▸ ABOUT THIS TASK: Retype, exactly and with nothing added, the lines from the one showing "Dumpster rental service" through the final line of the material. Omit pictures.

▸ GIVEN DATA:
Start of Block

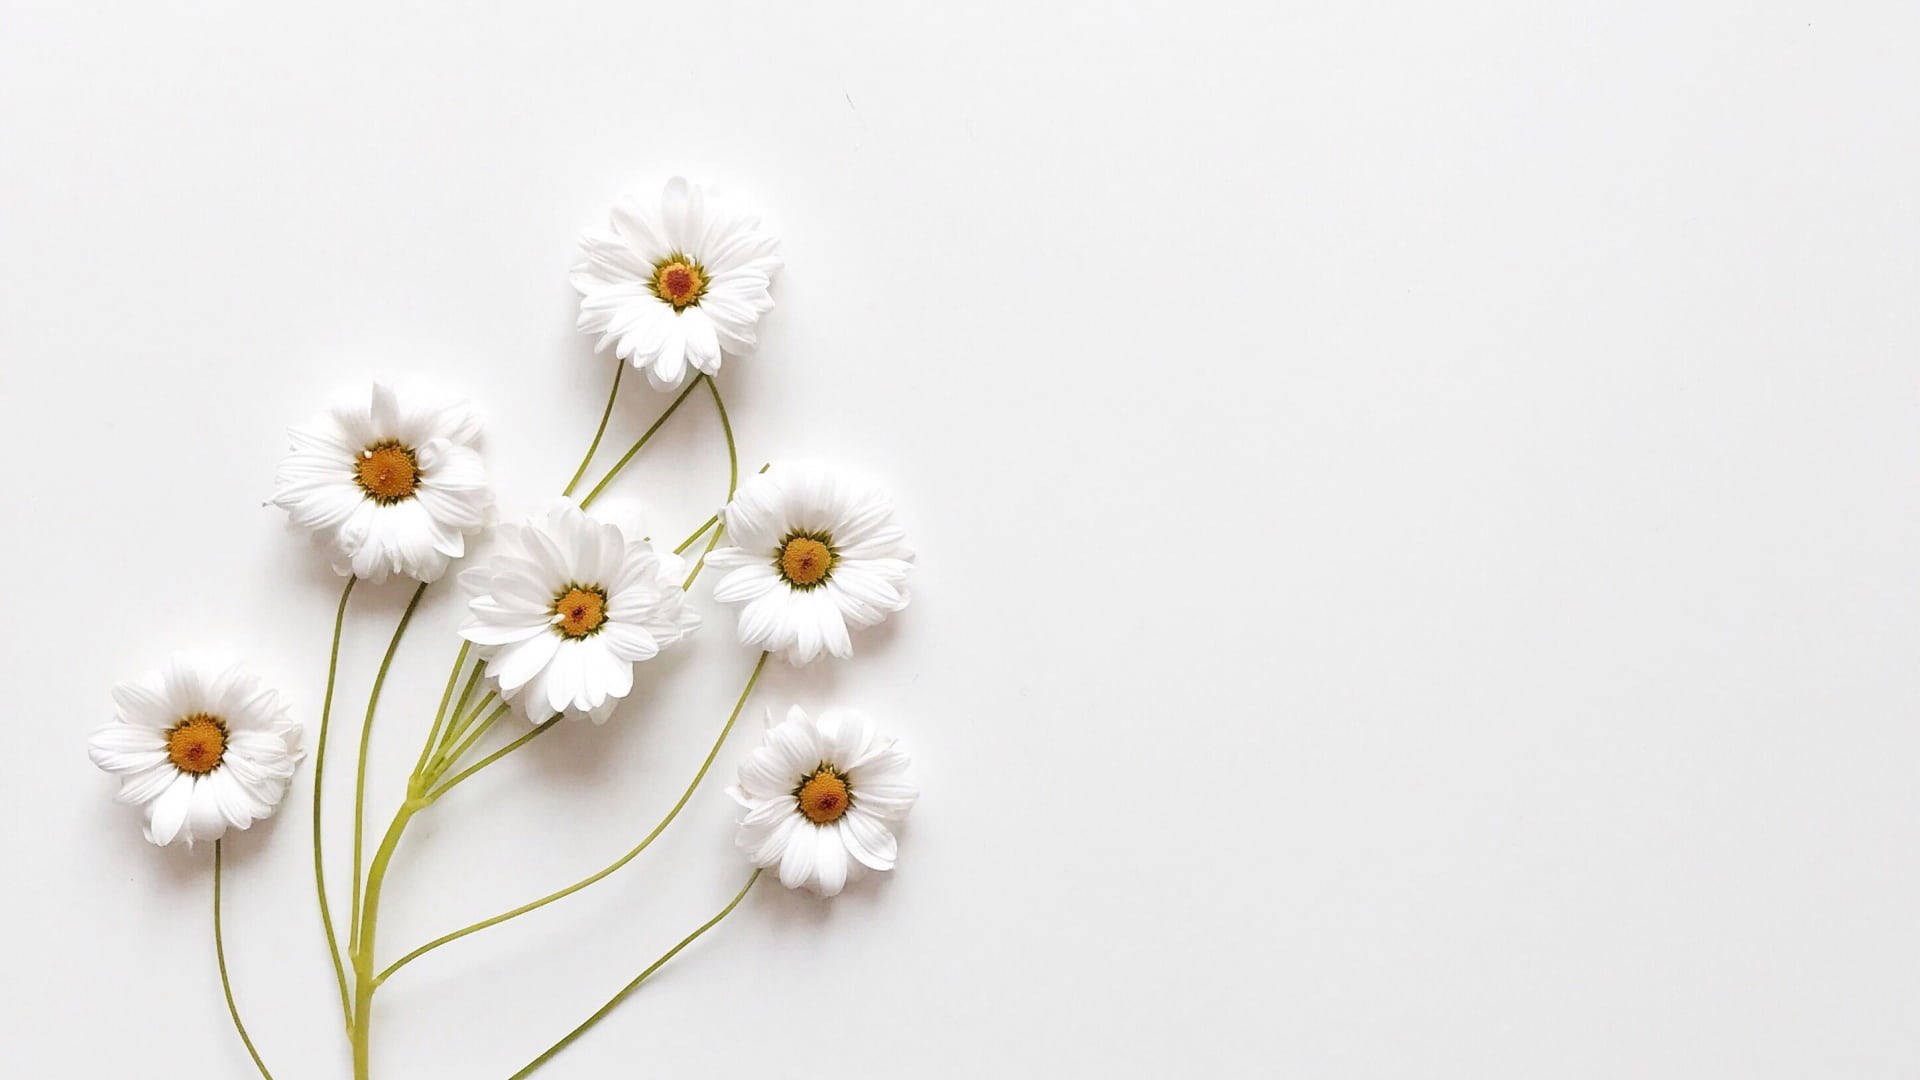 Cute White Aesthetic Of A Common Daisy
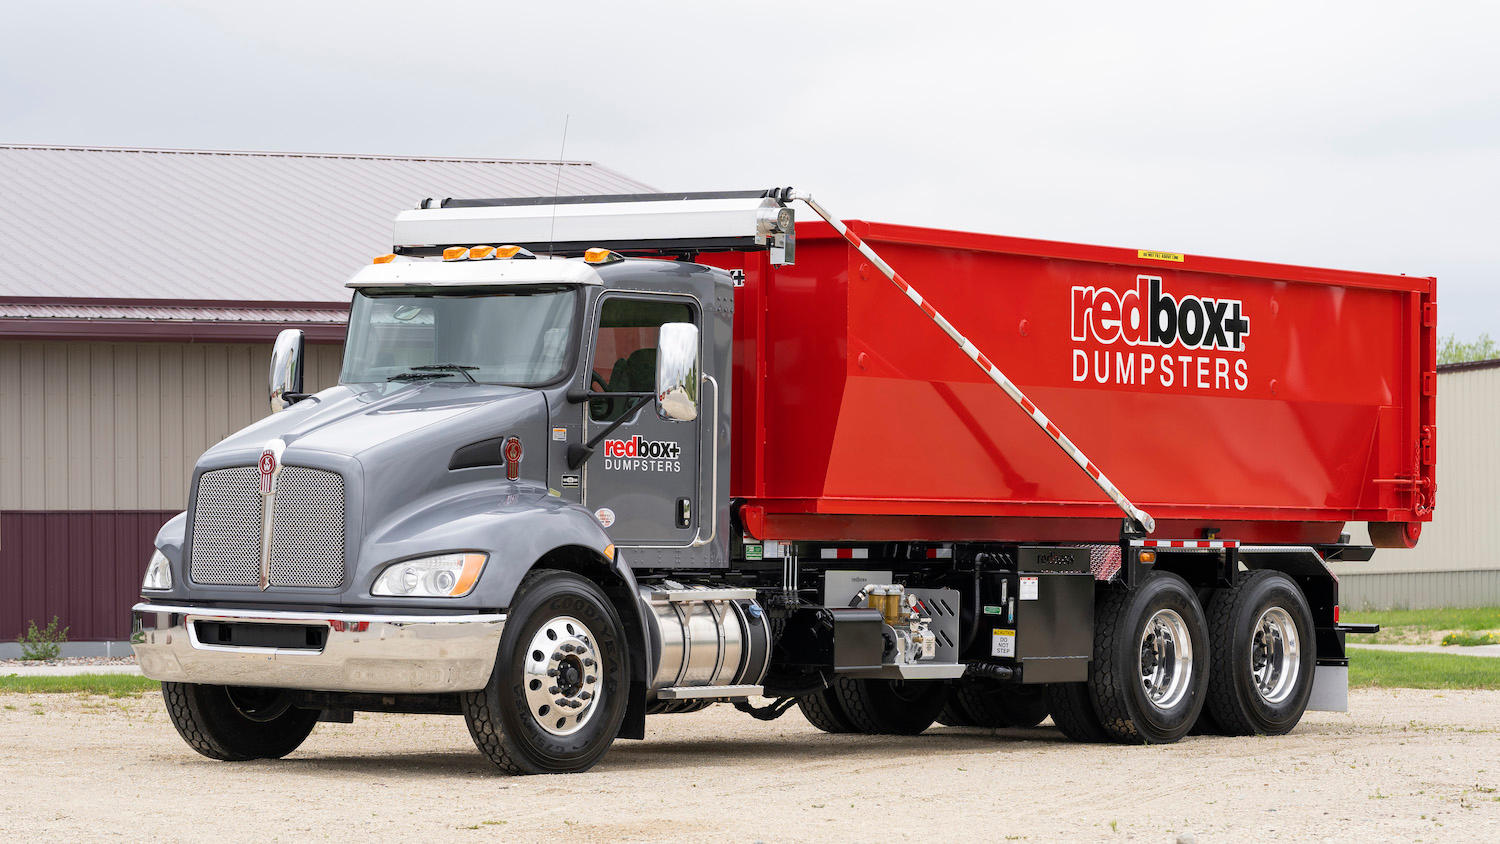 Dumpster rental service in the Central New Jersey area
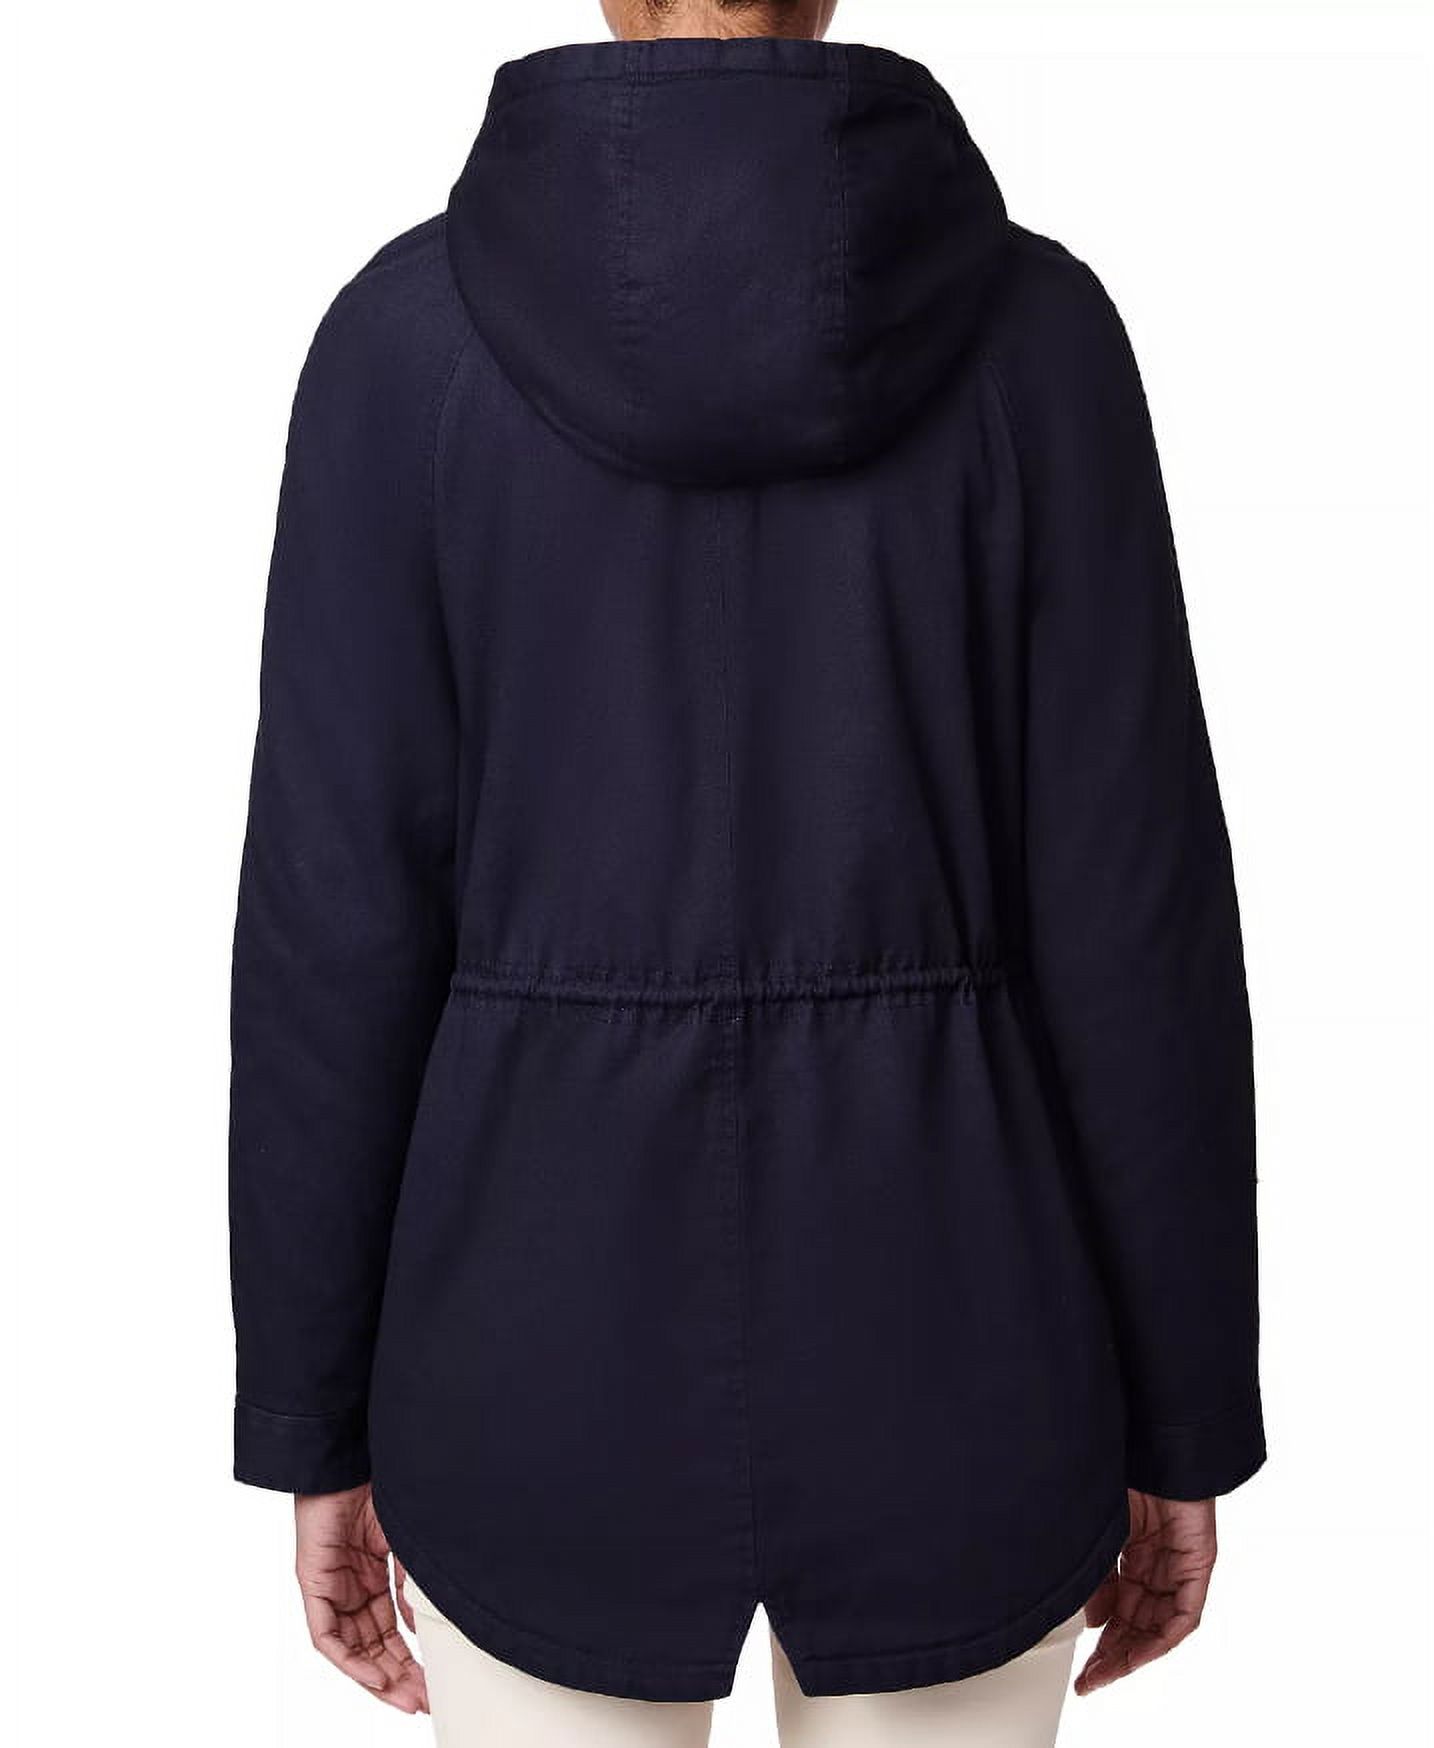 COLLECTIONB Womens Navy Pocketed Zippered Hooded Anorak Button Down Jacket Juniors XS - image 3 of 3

End of Block

▸ EXERCISE ANSWER:
 Dumpster rental service in the Central New Jersey area
 COLLECTIONB Womens Navy Pocketed Zippered Hooded Anorak Button Down Jacket Juniors XS - image 3 of 3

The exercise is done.